We are in progress working on performance improvements and optimizations now.

Currently we managed to improve performance by 4x, but there are further steps of improvements which we continue to implement.

Ok, when can I expect the patch?

Next week we will investigate ways for further improvements and will know when we can provide the patch, becasue we don’t exactly know what particular approach we will choose. Also we will need to implement and test it.

So next week we will form better vision regarding our roadmap and schedule.

We wouldn’t prefer to release just 4x performance improvement. But in case you prefer to get the intermediate release with it, please let us know and we will provide you this by the end of next week.

I think 4X faster means I’ll get the output in 5 minutes which will be fine for me as of now as I just need to showcase this

And after that we can work on performance again and if I get more templates I’ll share those templates too

Hello,

Any updates?

Hello @Niteen_Jadhav

As we discussed we are working on the new release and will provide the updated demo package by the end of this week and now we expet it on Friday.

Ok thank you

Hi @Niteen_Jadhav

We are now working on the release and will notify you as soon as it is finished

Hi @Niteen_Jadhav

Thanks for your patience and understanding, we have prepared a demo package update.
Please download it here.

Please note that we placed your newly provided files at folder Examples in corresponding subfolders named as you provided in original.
We also added bat files in the root package: DocumentParser - Template1.bat etc for a quick test.

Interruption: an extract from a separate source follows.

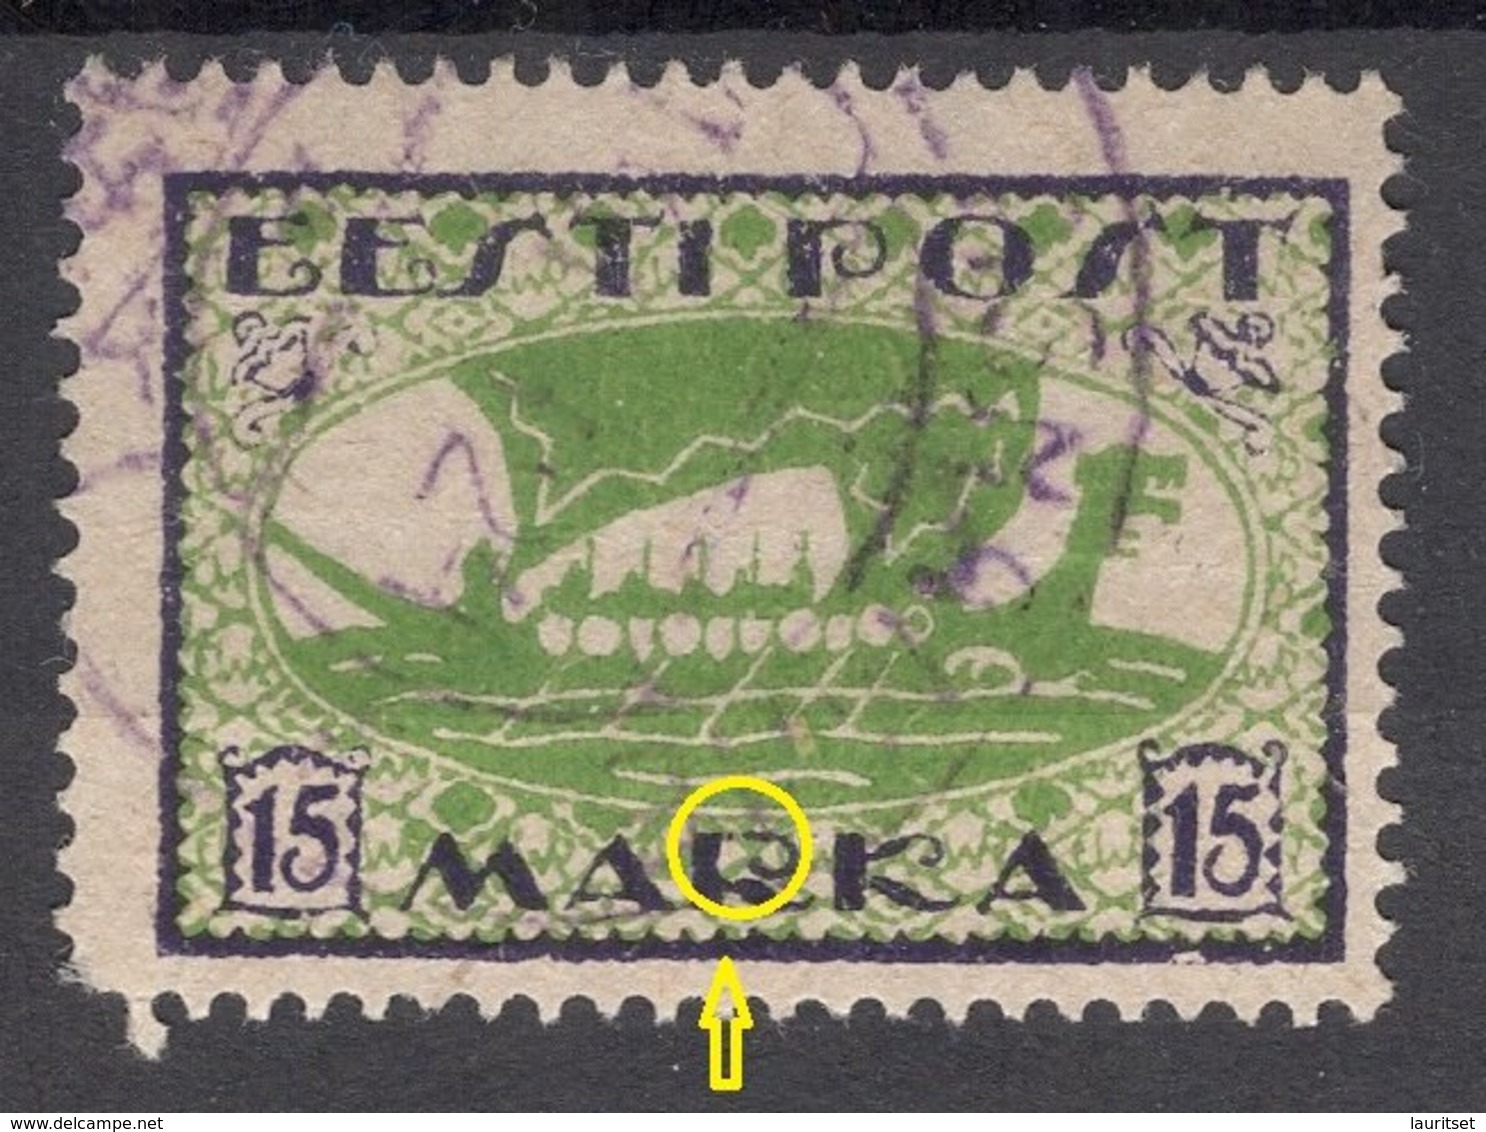 ESTLAND Estonia 1922 Michel 23 A ERROR Abart Variety Damaged "R" In Marka O Violet Cancel - Estonia
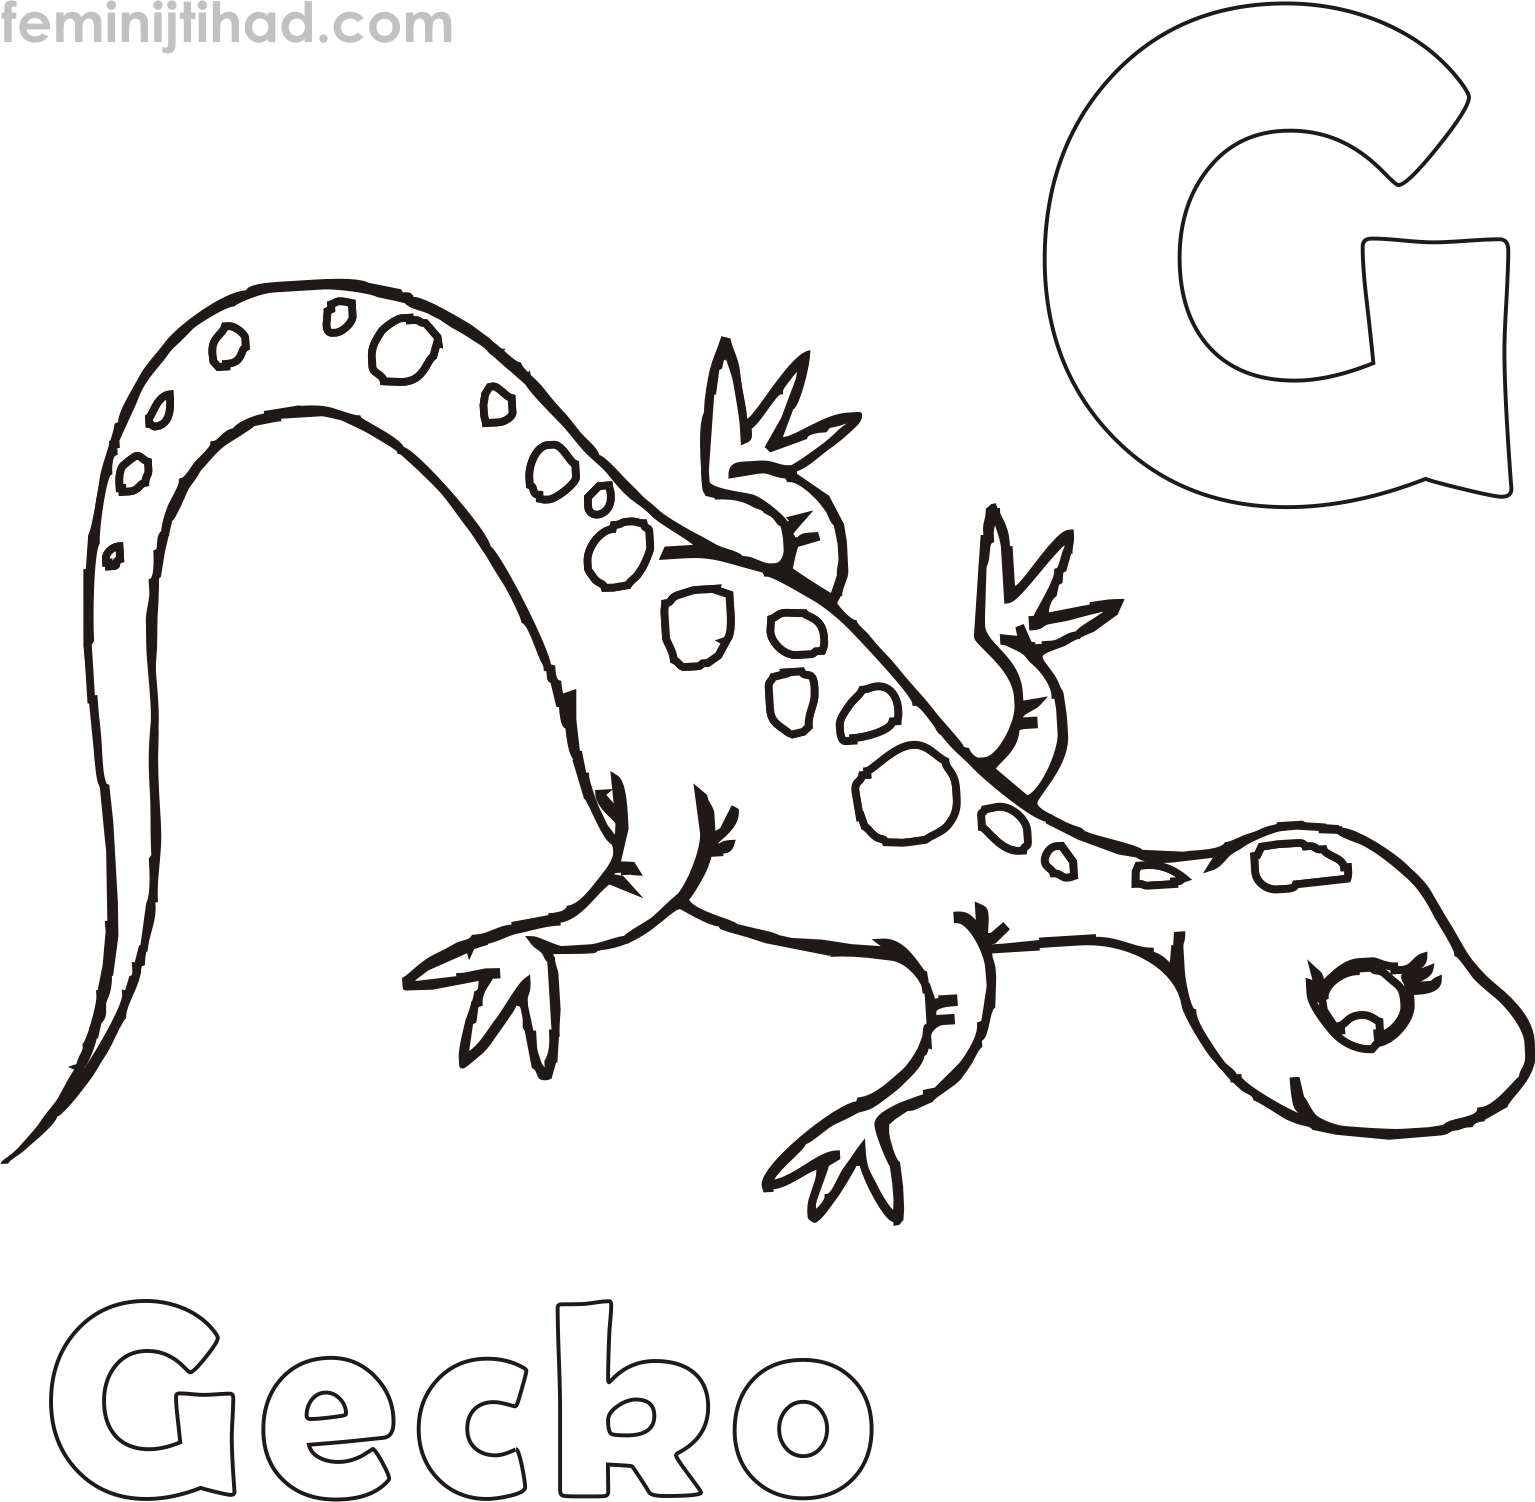 Free Gecko Coloring Sheet to Print

Please also note that in the GUI the DPI was set to 288 with a setting:
settings = new ParserSettings(new PagePreviewOptions(288));

You are free to experiment with different DPI values (less DPI = better performance = worse OCR quality), but the values must be the same for the GUI and parsing code for now.

Also in case you want to rebuild the solution, this time it was build based on stage NuGet package.

To target this, in Visual Studio please add a new NuGEt source with URL: https://apiint.nugettest.org/v3/index.json

Thanks.

Ok, I want to know one more thing, is auto template selection developed?